▸ **Task objective**
Leave every picture out, then reproduce the rest of the listing exactly.

▸ **Material provided**
-- Opening Marker --

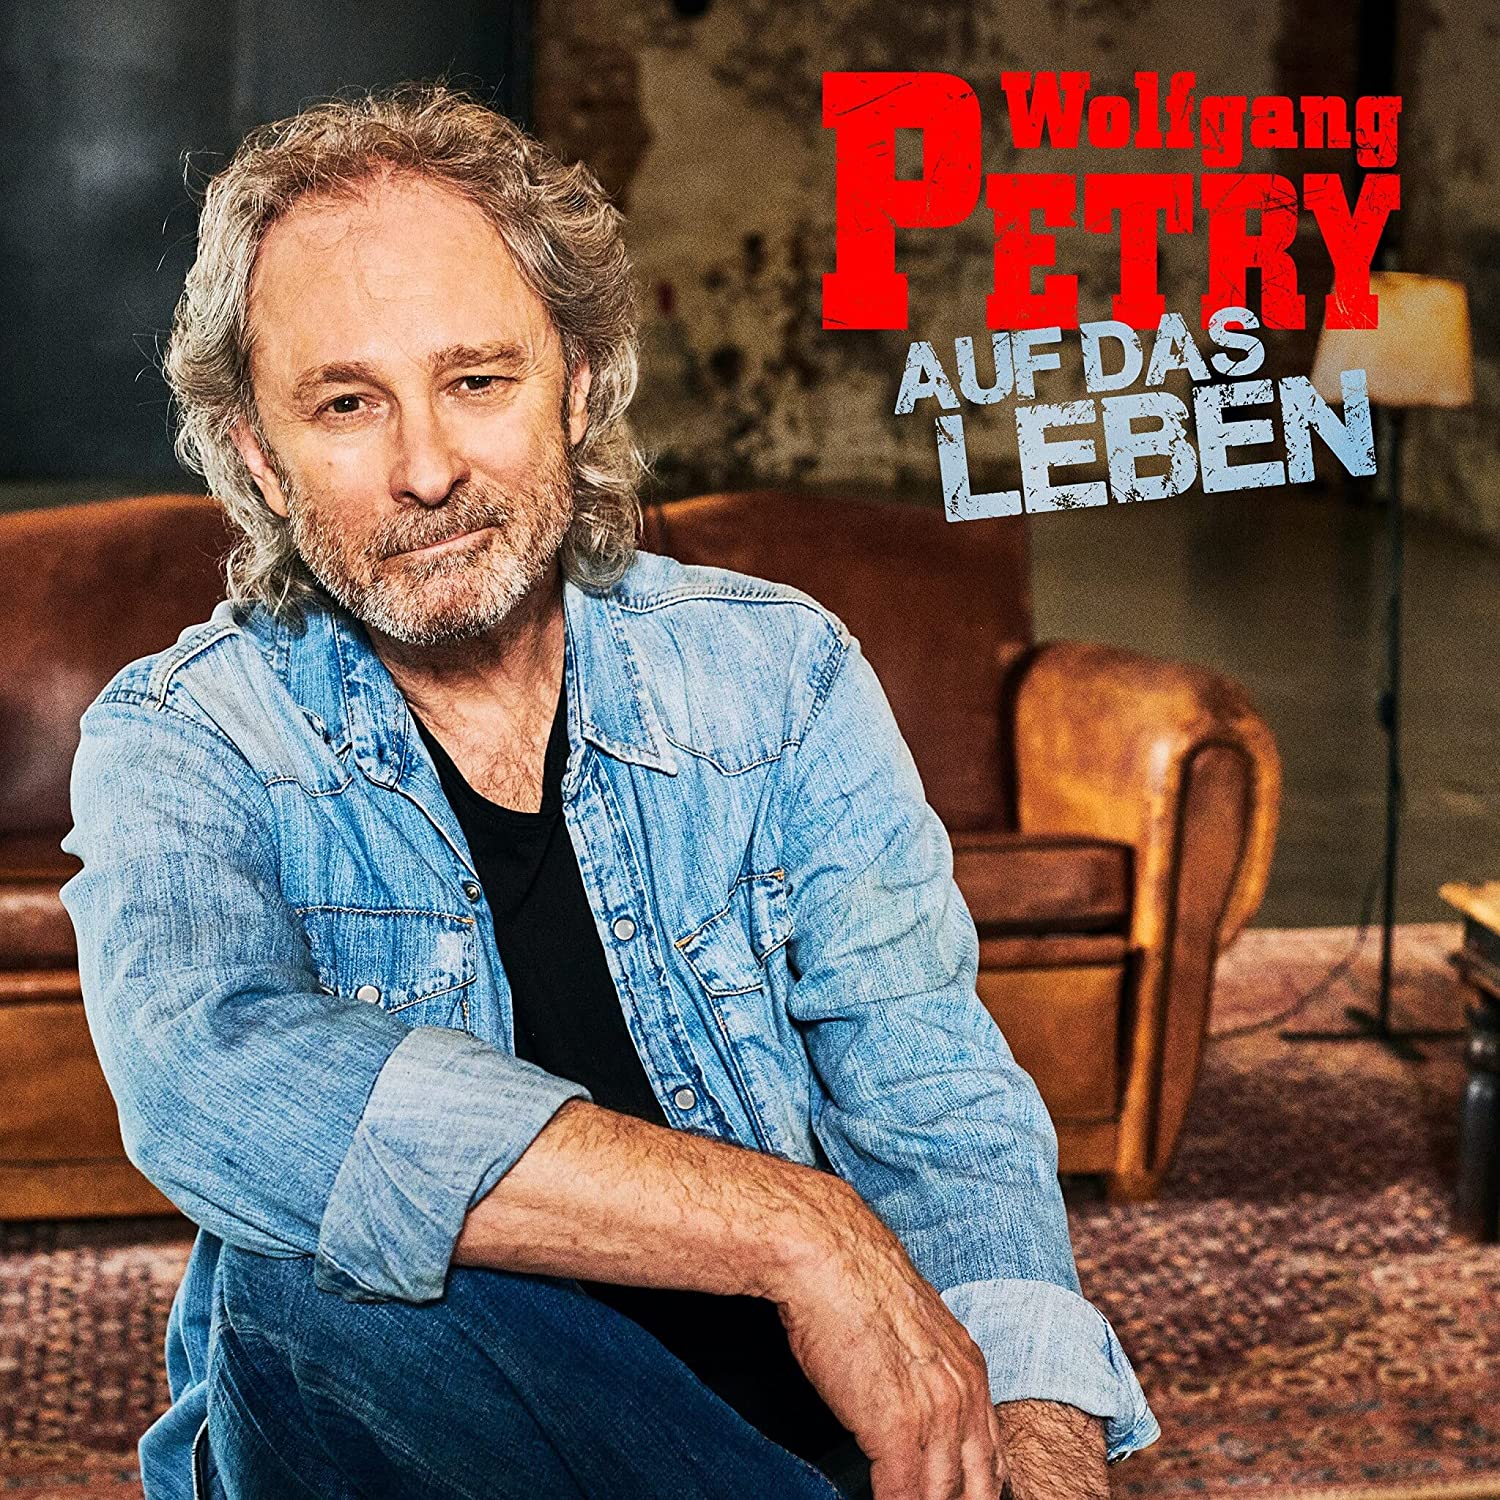 Wolfgang Petry - Auf das Leben (2021)
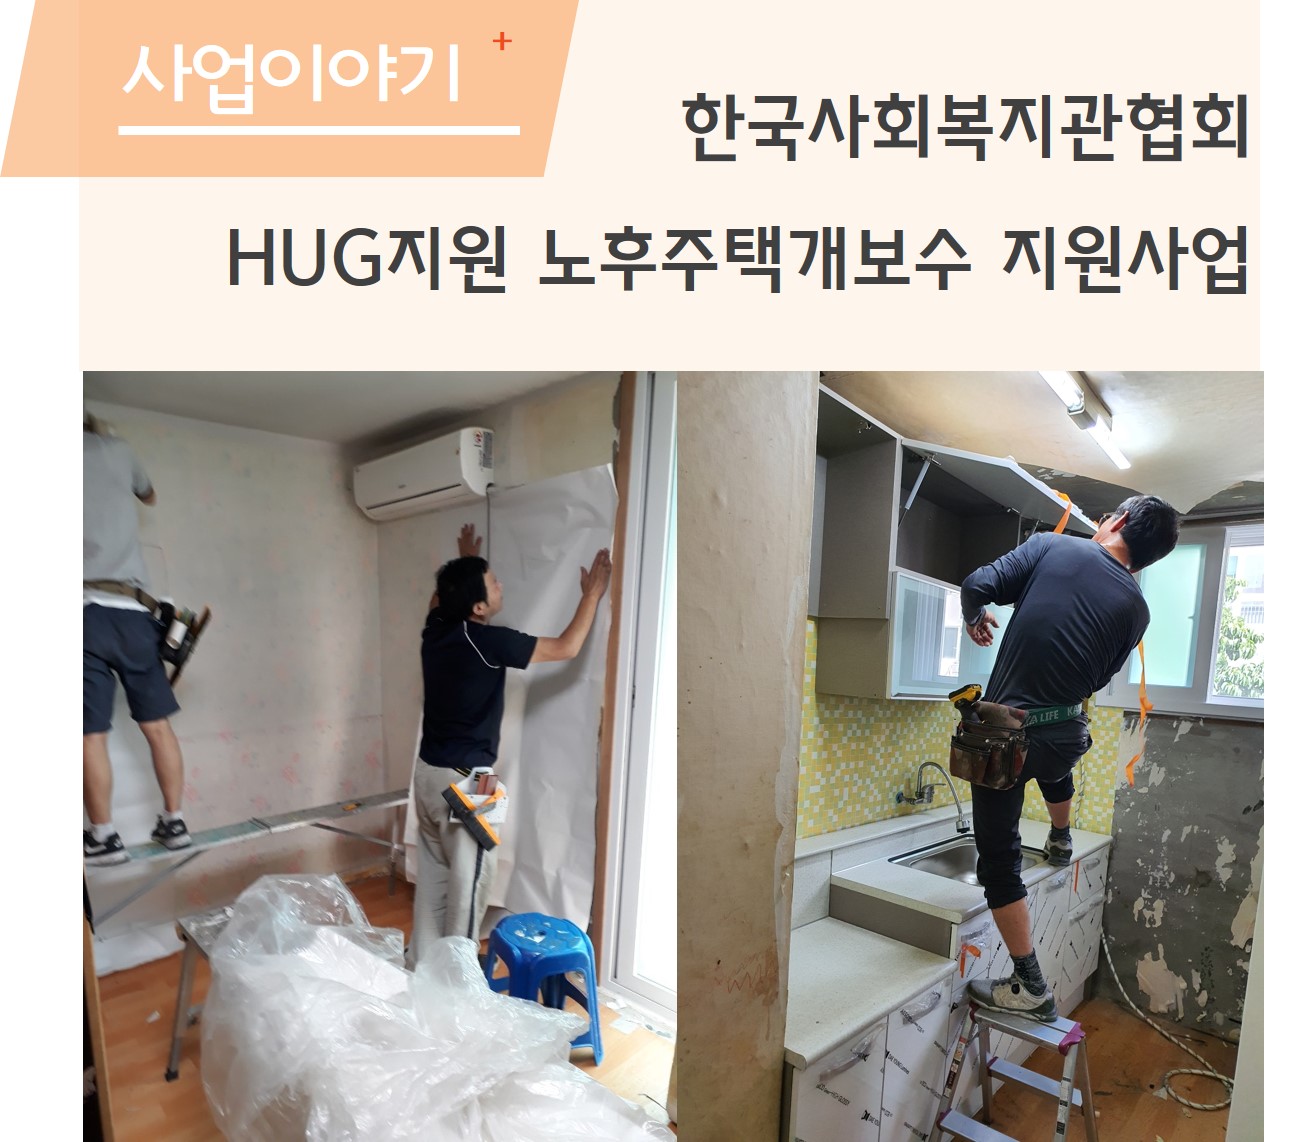 한국사회복지관협회 HUG 주택개보수지원 사업으로 리모델링을 하였습니다.
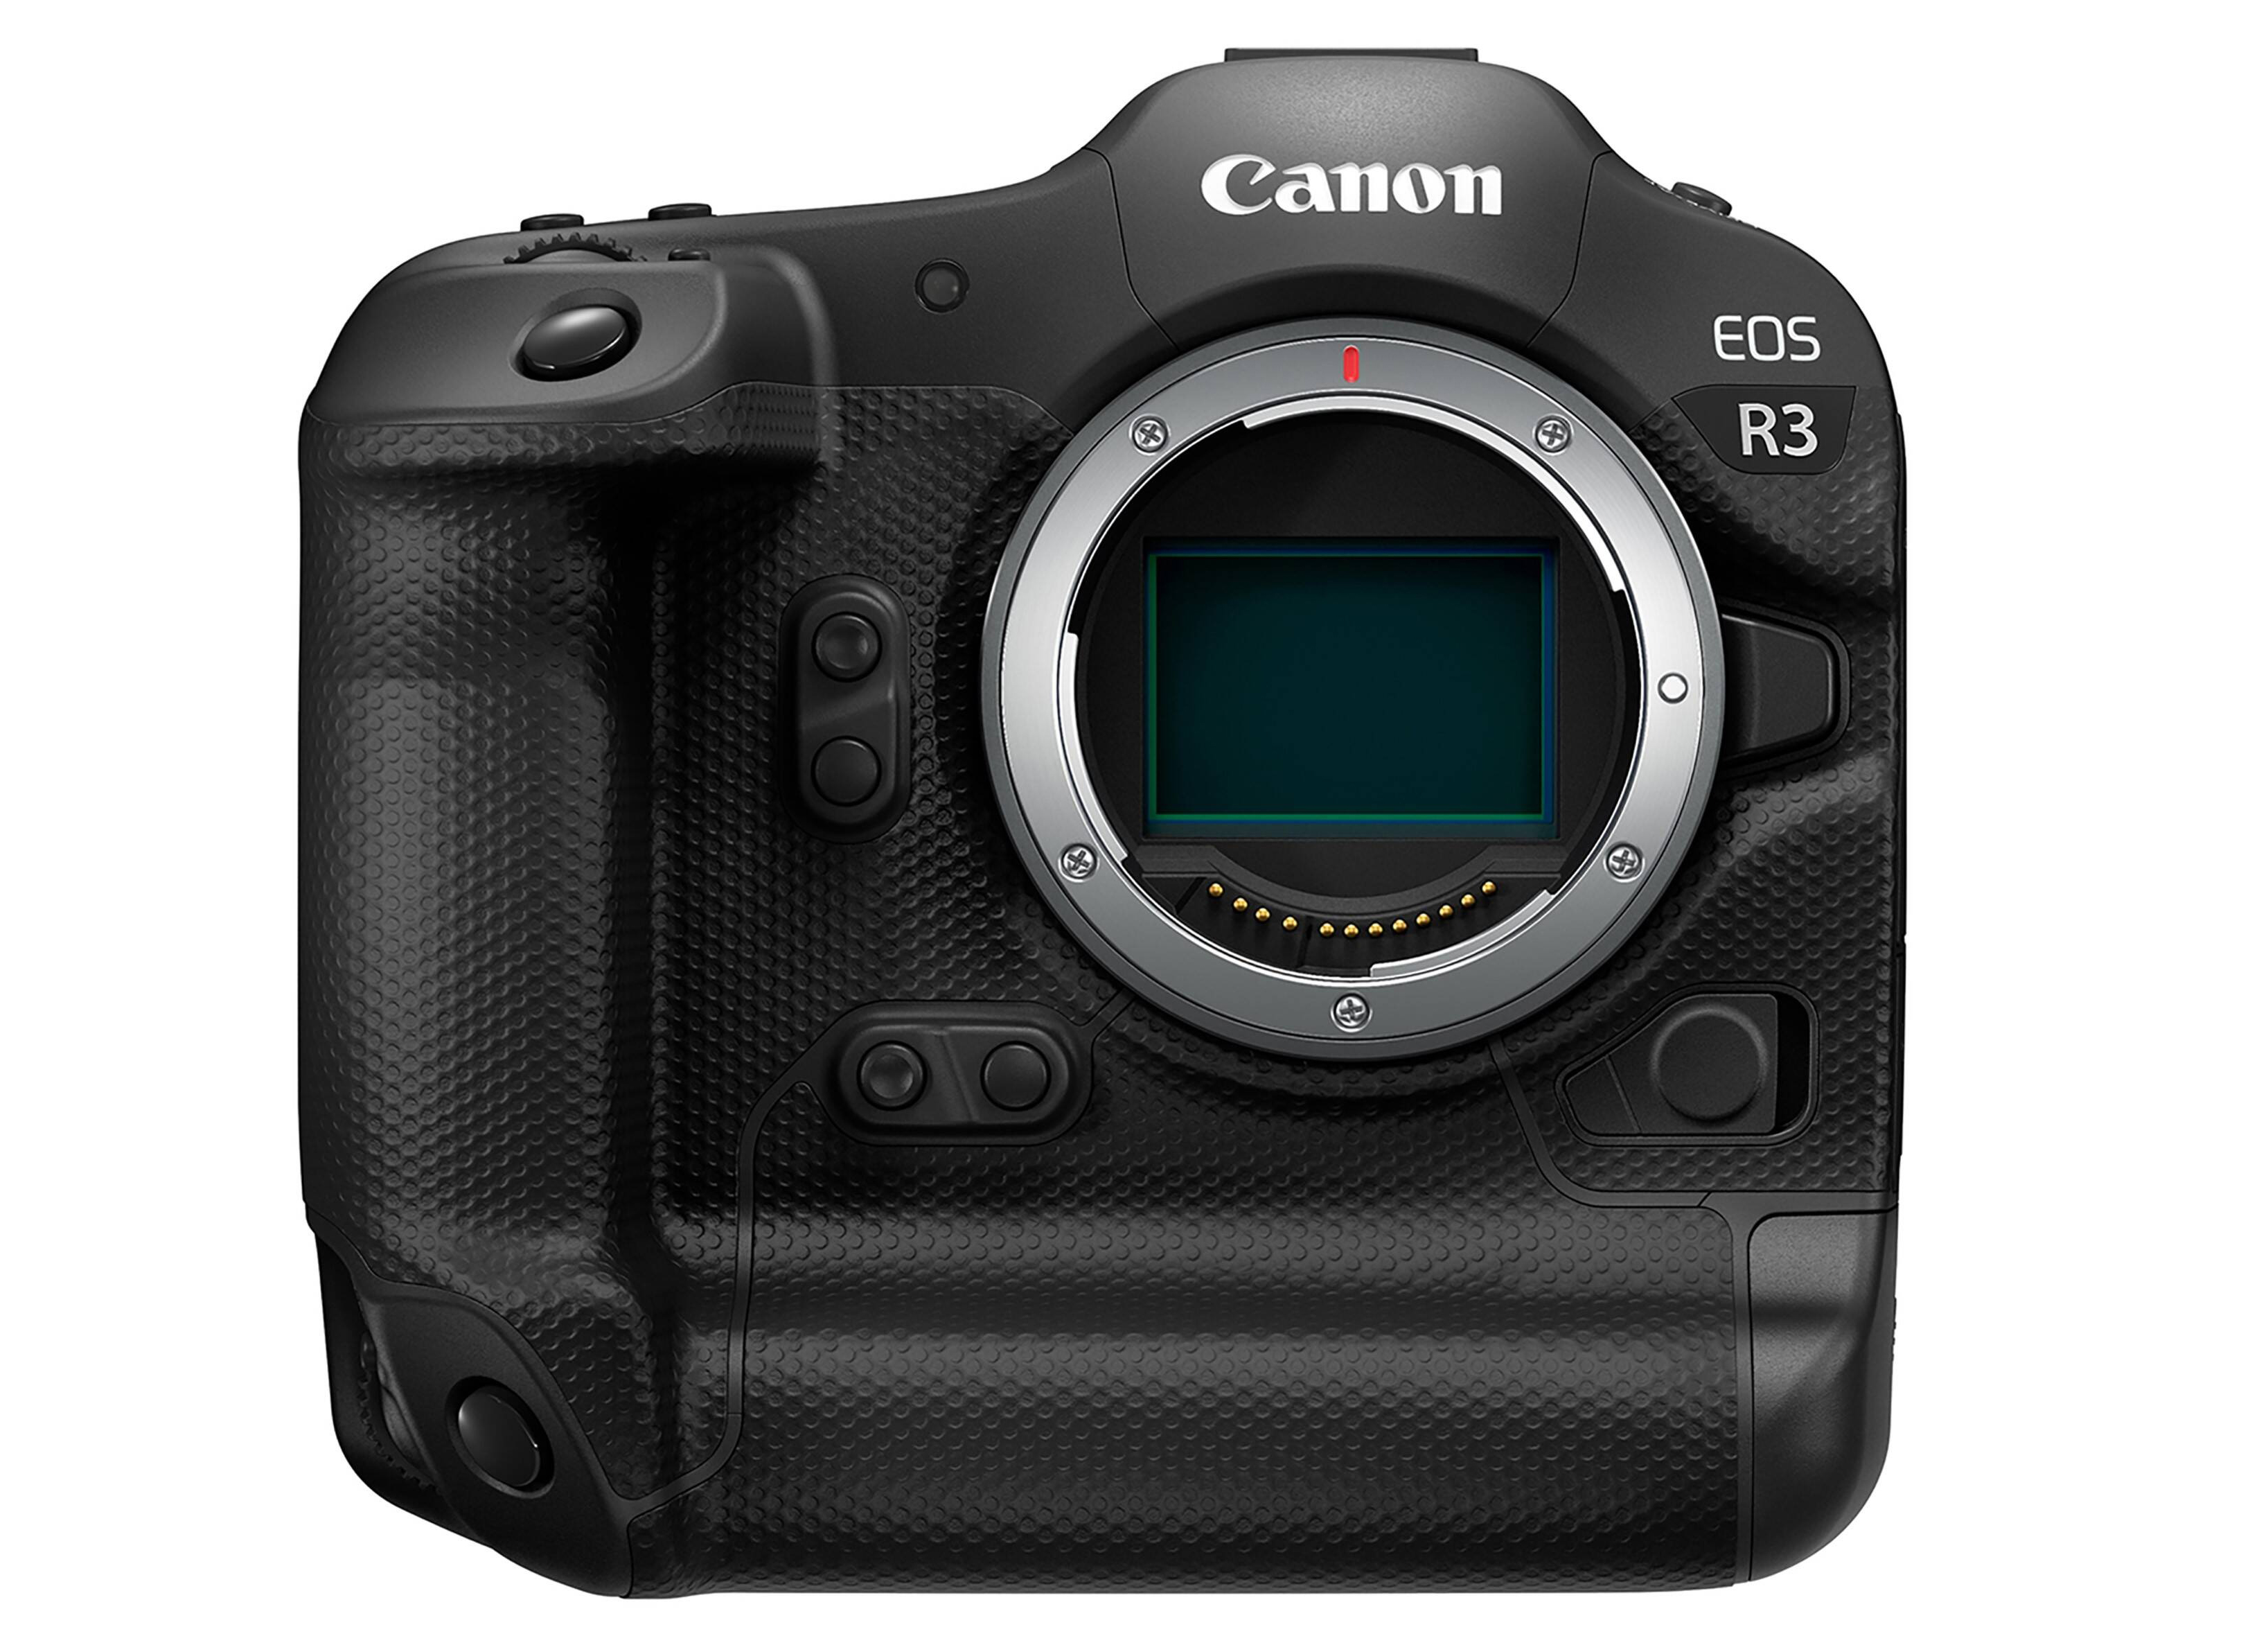 Canon EOS R3 xứng danh nằm trong top máy hình ảnh Canon rất tốt hiện nay nay

-- Closing Marker --

▸ **Exercise response**
 Wolfgang Petry - Auf das Leben (2021)
 한국사회복지관협회 HUG 주택개보수지원 사업으로 리모델링을 하였습니다.
 Canon EOS R3 xứng danh nằm trong top máy hình ảnh Canon rất tốt hiện nay nay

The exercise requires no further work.